**TASK DETAILS**
Exact copy, no pictures: return only the lines below from the line with "Flamingo-Brosche aus 18" up to and including the line with "Wir haben uns".

**SUPPLIED MATERIAL**
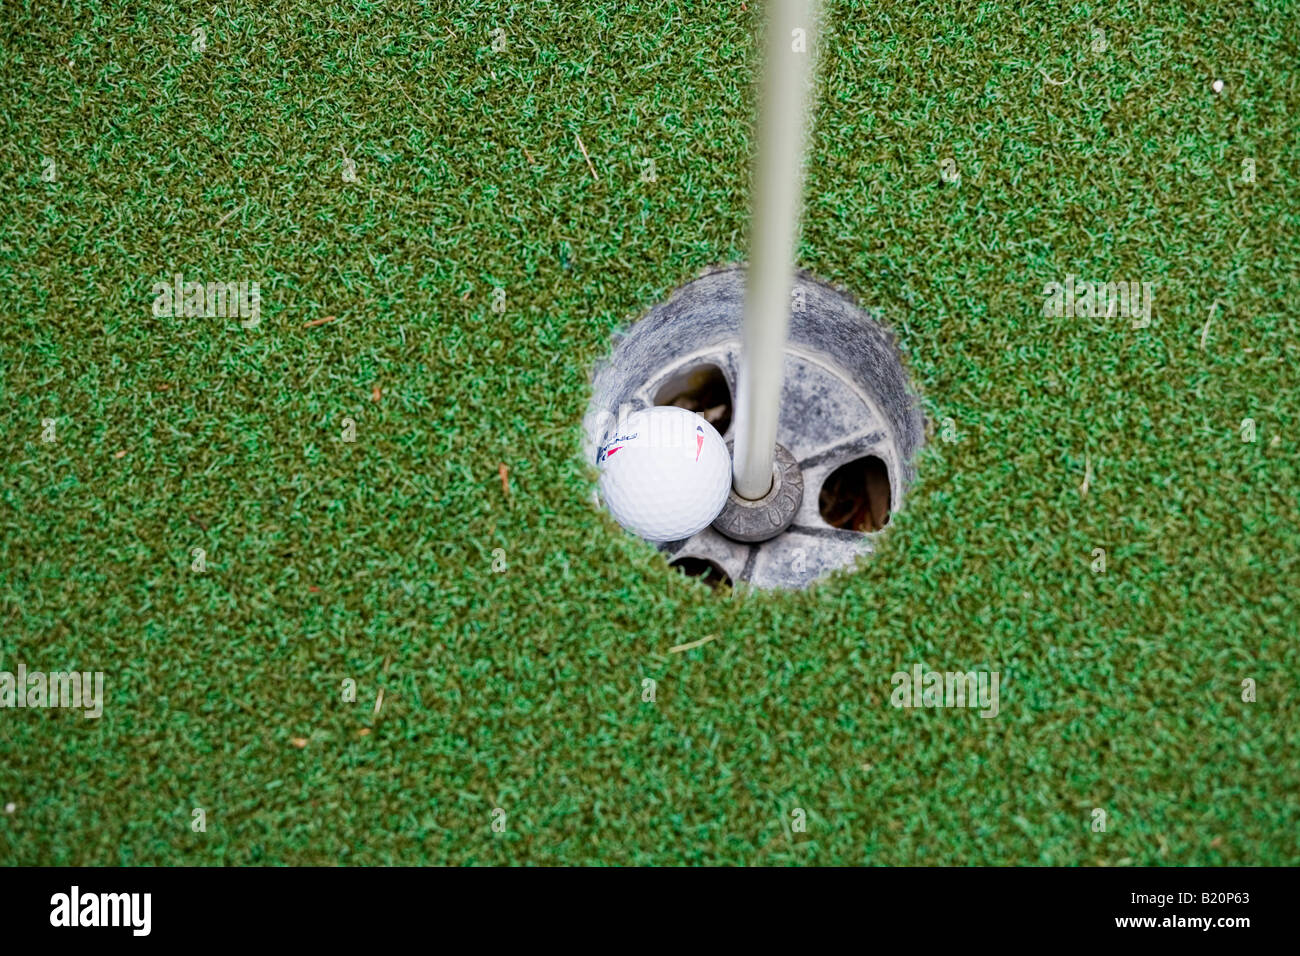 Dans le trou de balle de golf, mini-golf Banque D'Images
* * *
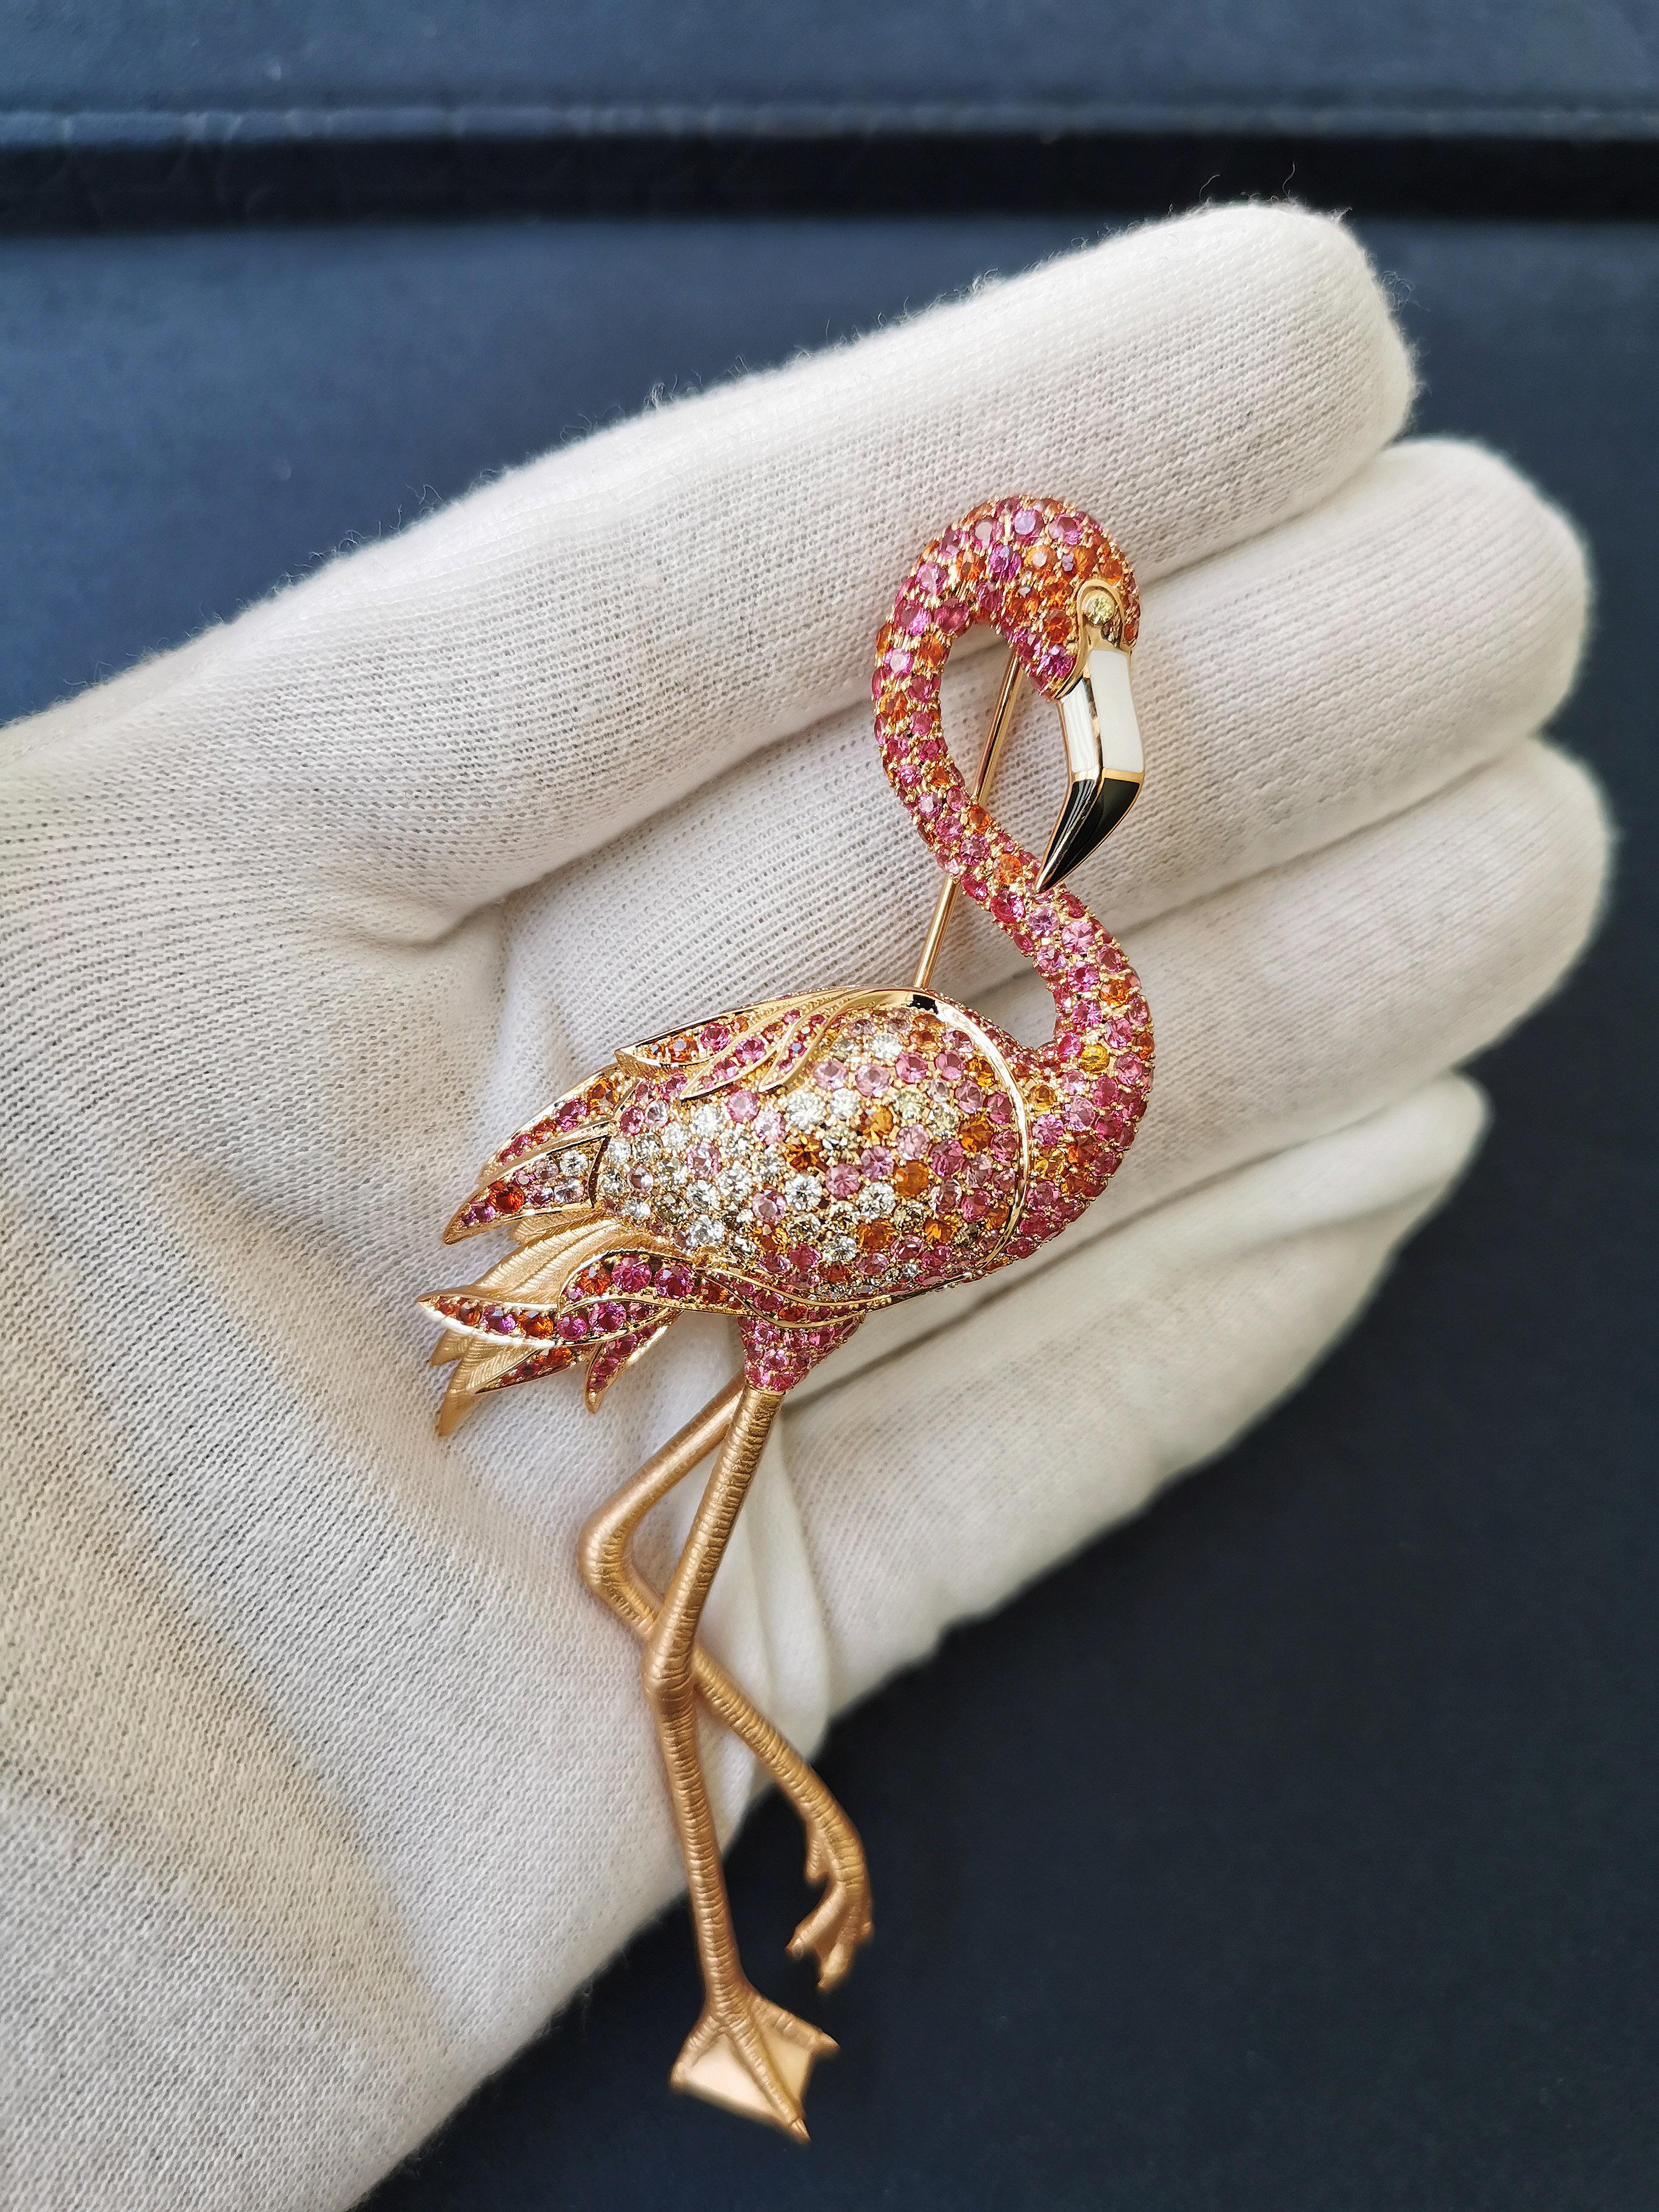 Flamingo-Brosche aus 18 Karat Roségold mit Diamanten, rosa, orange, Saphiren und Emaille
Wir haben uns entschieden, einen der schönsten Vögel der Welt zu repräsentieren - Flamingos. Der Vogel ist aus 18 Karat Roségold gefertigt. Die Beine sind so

**WRITTEN SOLUTION**
 Flamingo-Brosche aus 18 Karat Roségold mit Diamanten, rosa, orange, Saphiren und Emaille
Wir haben uns entschieden, einen der schönsten Vögel der Welt zu repräsentieren - Flamingos. Der Vogel ist aus 18 Karat Roségold gefertigt. Die Beine sind so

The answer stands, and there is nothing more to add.